From first line to last, transcribe the listing exactly and skip any image.

__MATERIAL PROVIDED__:
☆ ☆ ☆

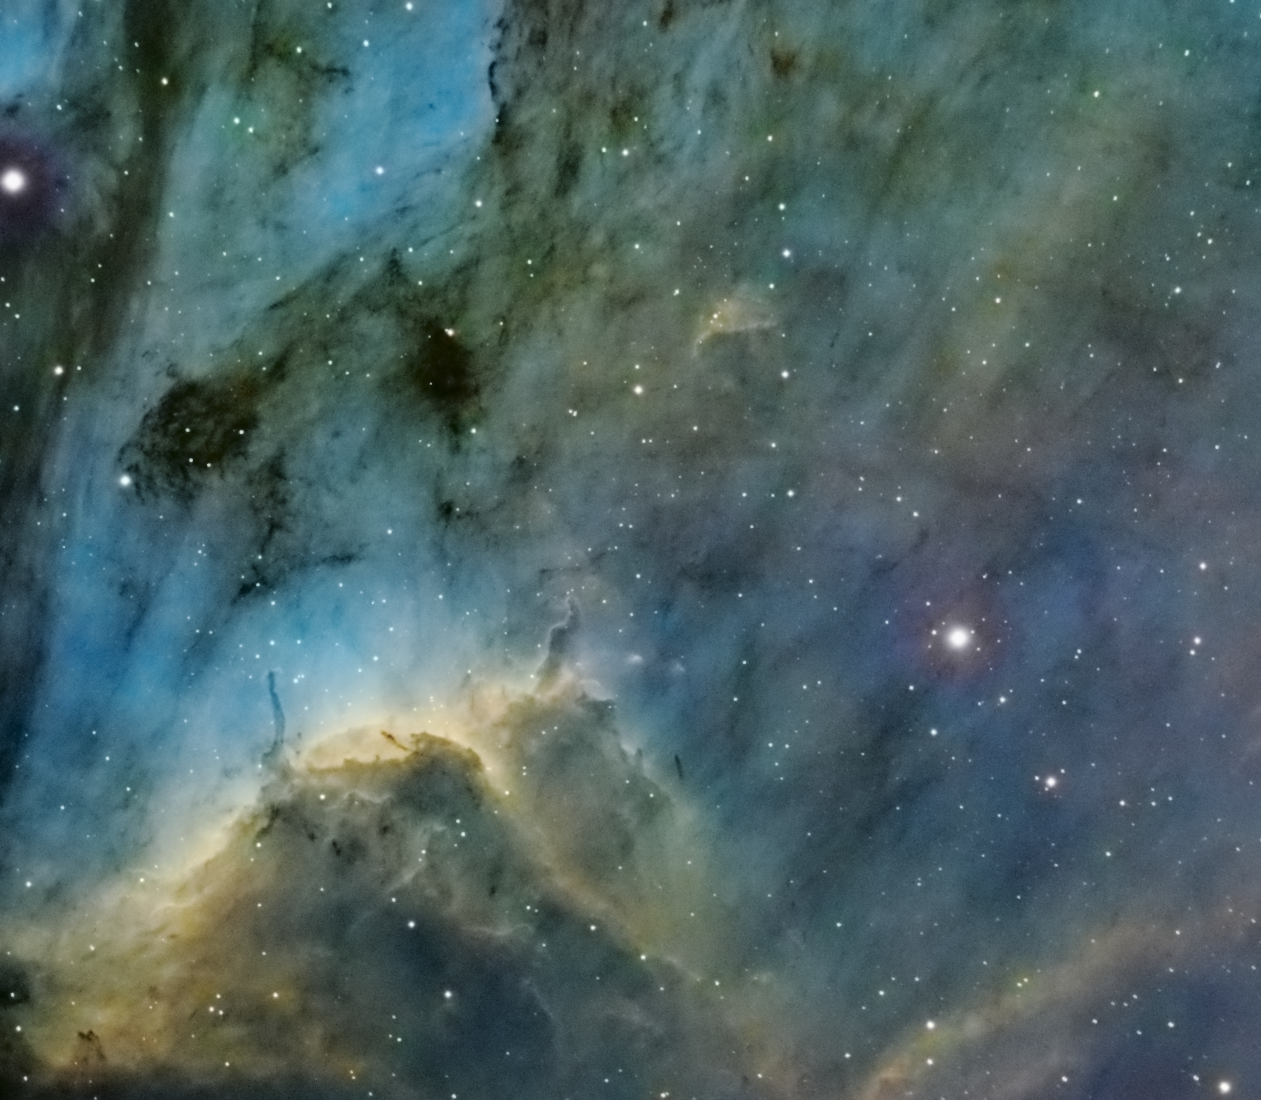 La nébuleuse du pélican IC 5070
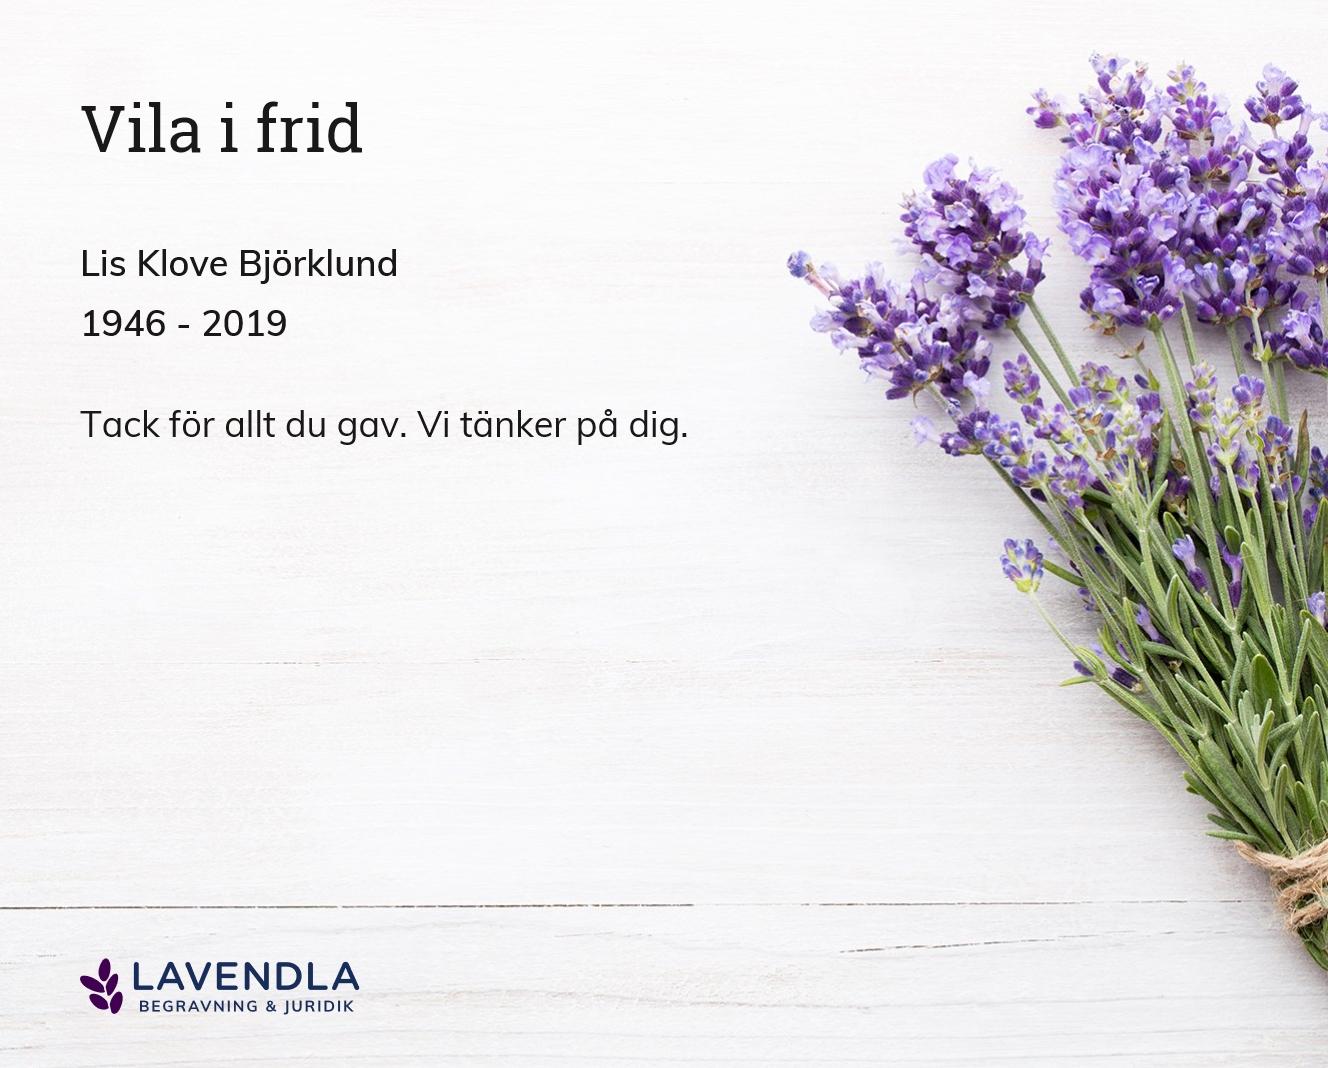 Inbjudningskort till ceremonin för Lis Klove Björklund
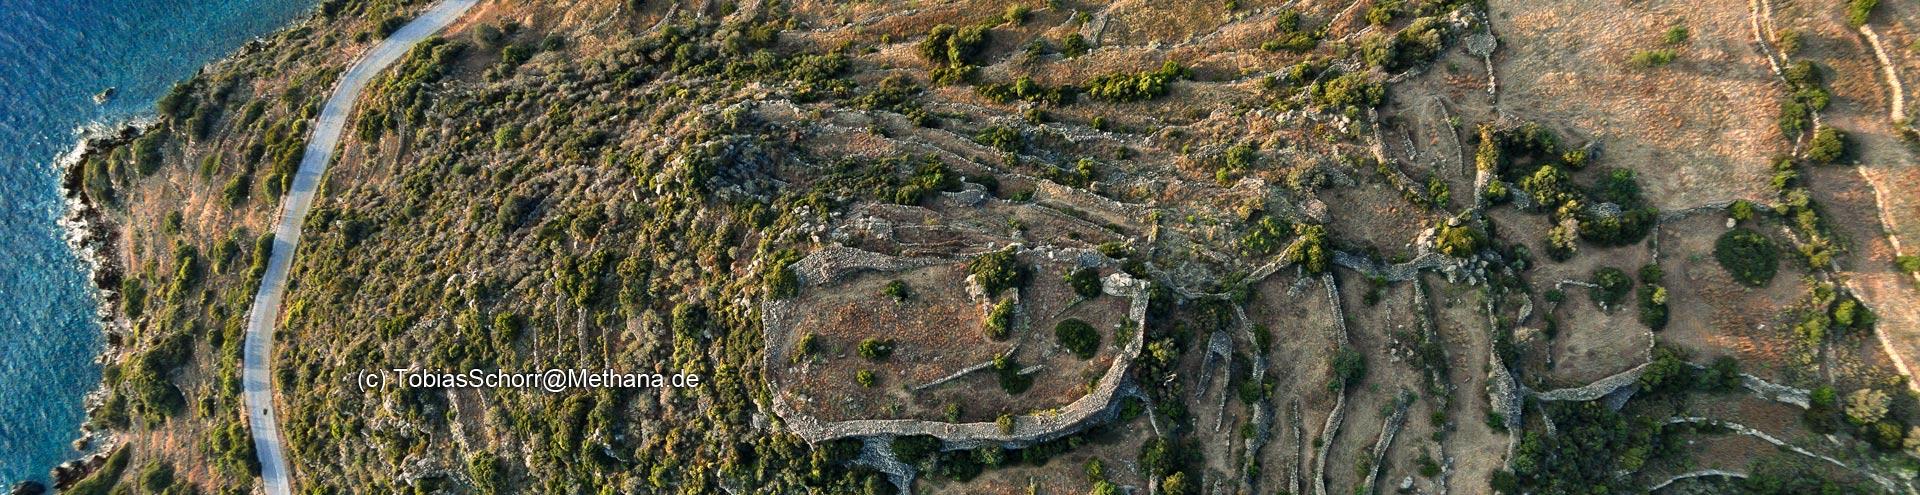 Η αρχαία ακρόπολη Όγα
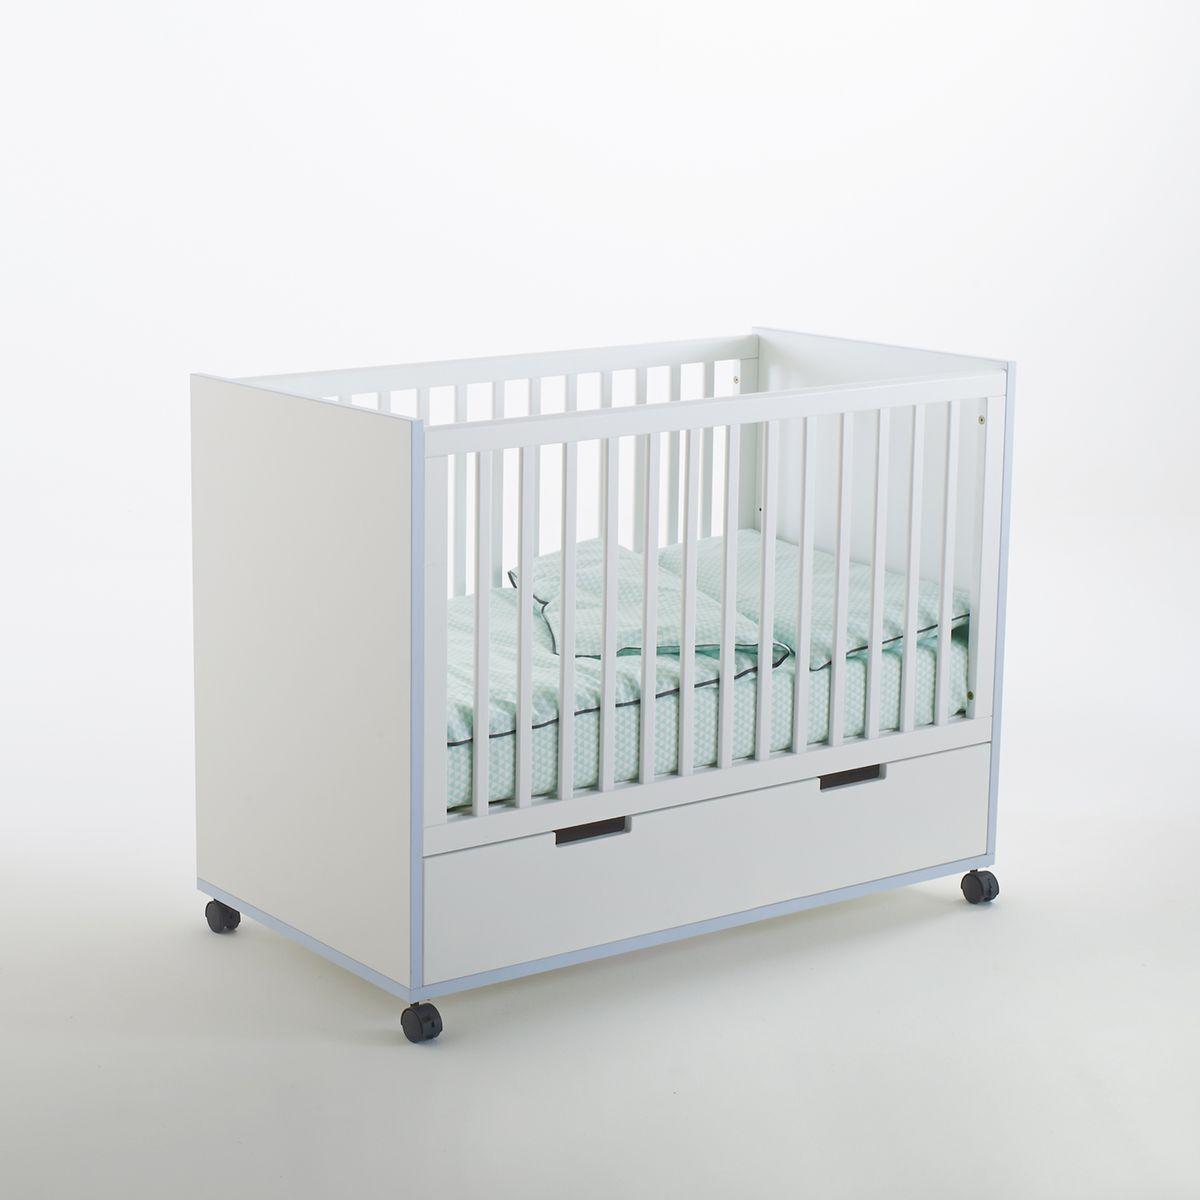 La Redoute Lit bébé avec tiroir et roulettes, Lisalou - LA REDOUTE INTERIEURS

☆ ☆ ☆

__PROBLEM SOLUTION__:
 La nébuleuse du pélican IC 5070
 Inbjudningskort till ceremonin för Lis Klove Björklund
 Η αρχαία ακρόπολη Όγα
 La Redoute Lit bébé avec tiroir et roulettes, Lisalou - LA REDOUTE INTERIEURS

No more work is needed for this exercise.